▸ **ABOUT THIS EXERCISE**: Everything from the line with "Ghent St Jozef Church" down to the line with "Christmas Decoration Christmas" below must be printed exactly, those two lines included. Exclude pictures.

▸ **PROVIDED RECORDS**:
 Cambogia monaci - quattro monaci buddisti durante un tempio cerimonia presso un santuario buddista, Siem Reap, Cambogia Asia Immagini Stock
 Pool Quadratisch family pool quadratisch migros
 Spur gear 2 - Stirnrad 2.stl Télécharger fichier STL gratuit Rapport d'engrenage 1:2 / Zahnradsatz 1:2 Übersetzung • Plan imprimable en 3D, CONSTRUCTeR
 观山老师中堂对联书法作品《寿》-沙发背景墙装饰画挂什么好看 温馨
---
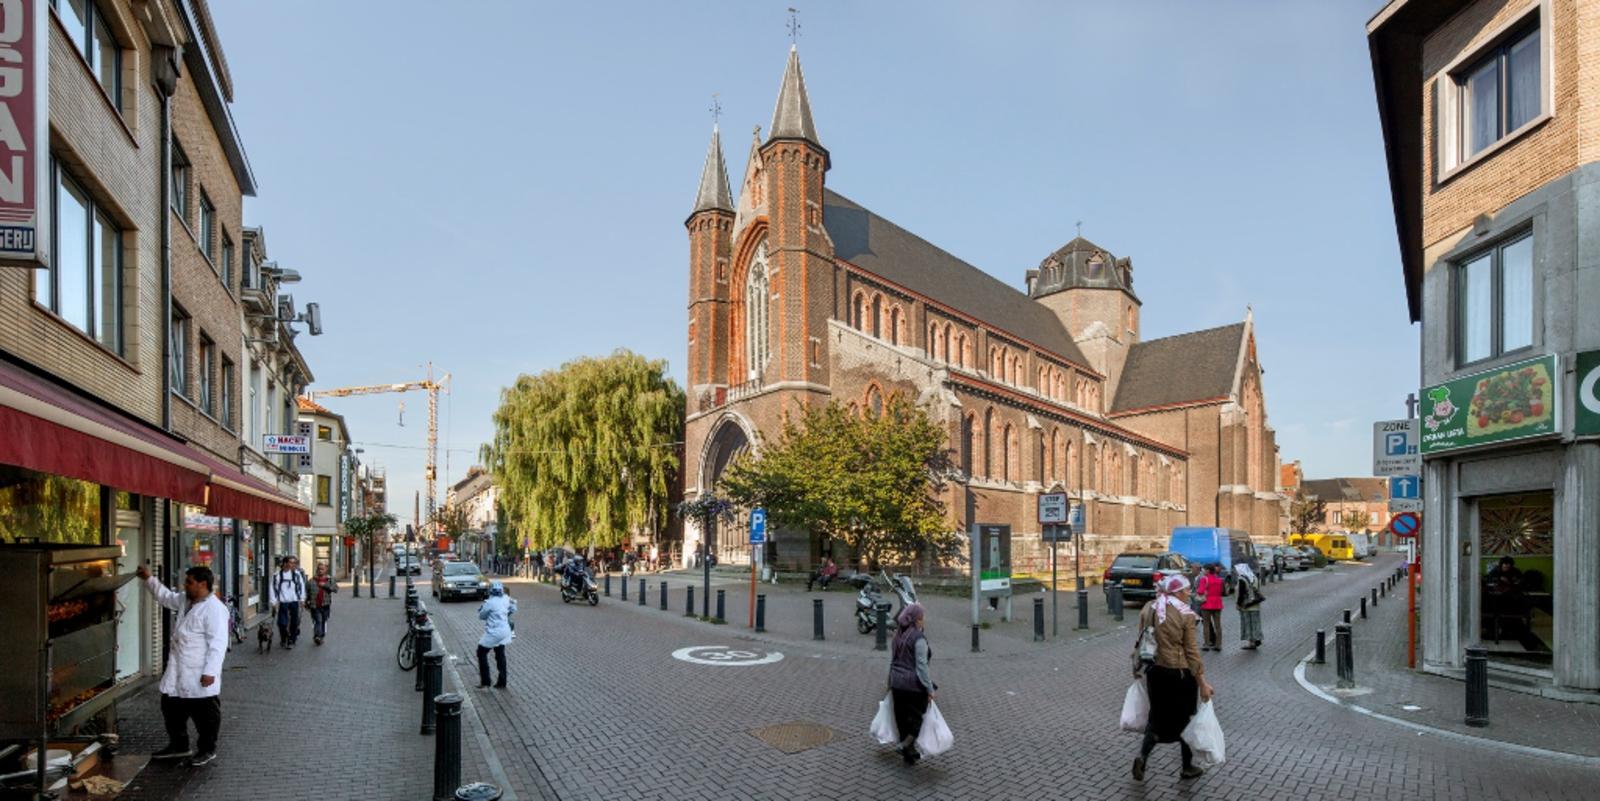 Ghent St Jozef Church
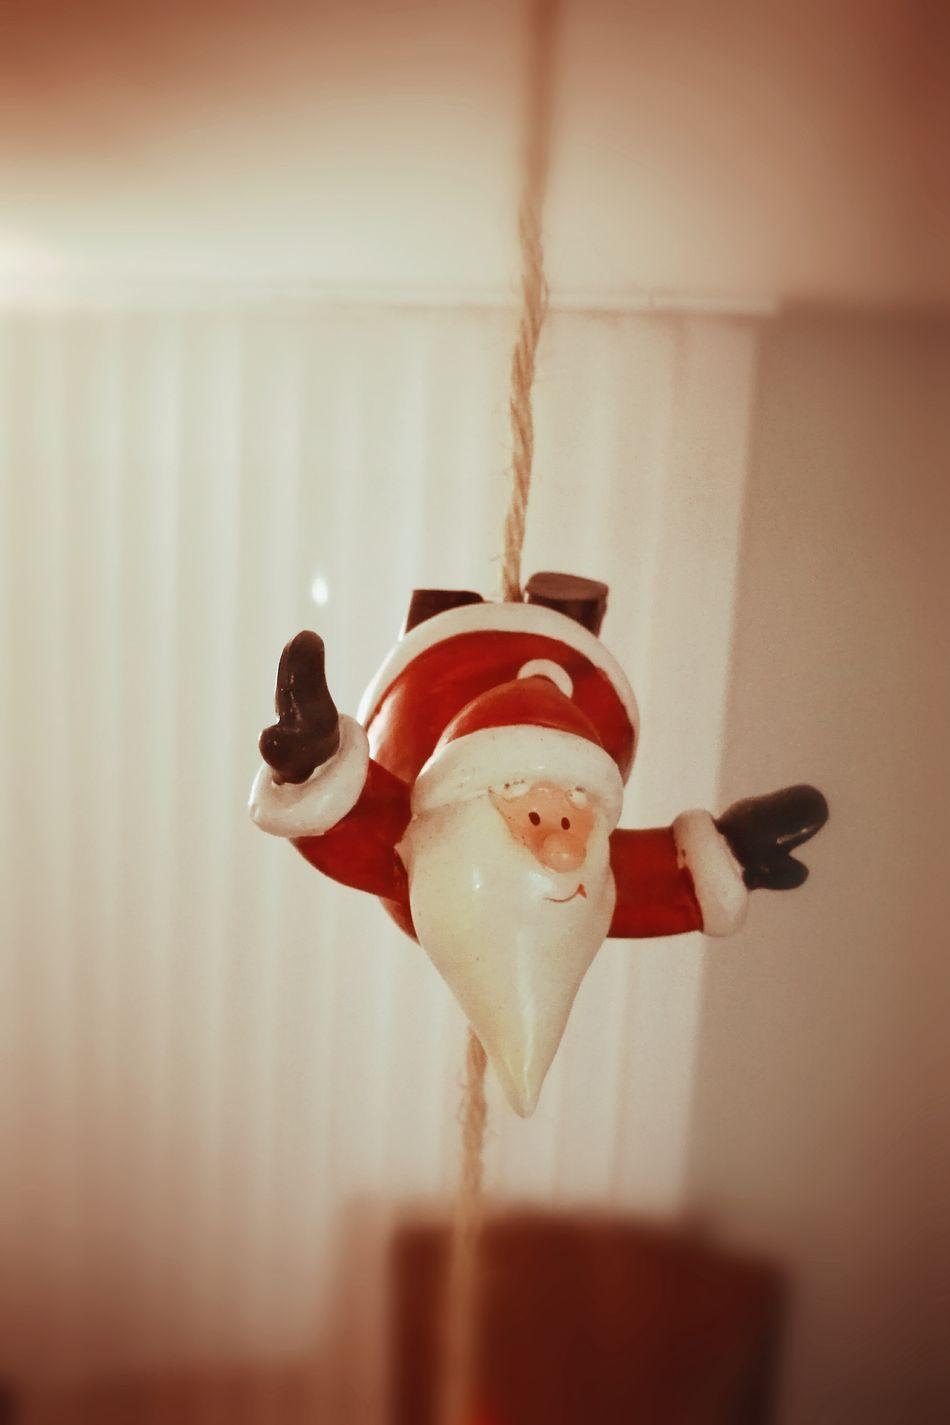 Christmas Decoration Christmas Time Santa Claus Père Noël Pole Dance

▸ **YOUR RESPONSE**:
 Ghent St Jozef Church
 Christmas Decoration Christmas Time Santa Claus Père Noël Pole Dance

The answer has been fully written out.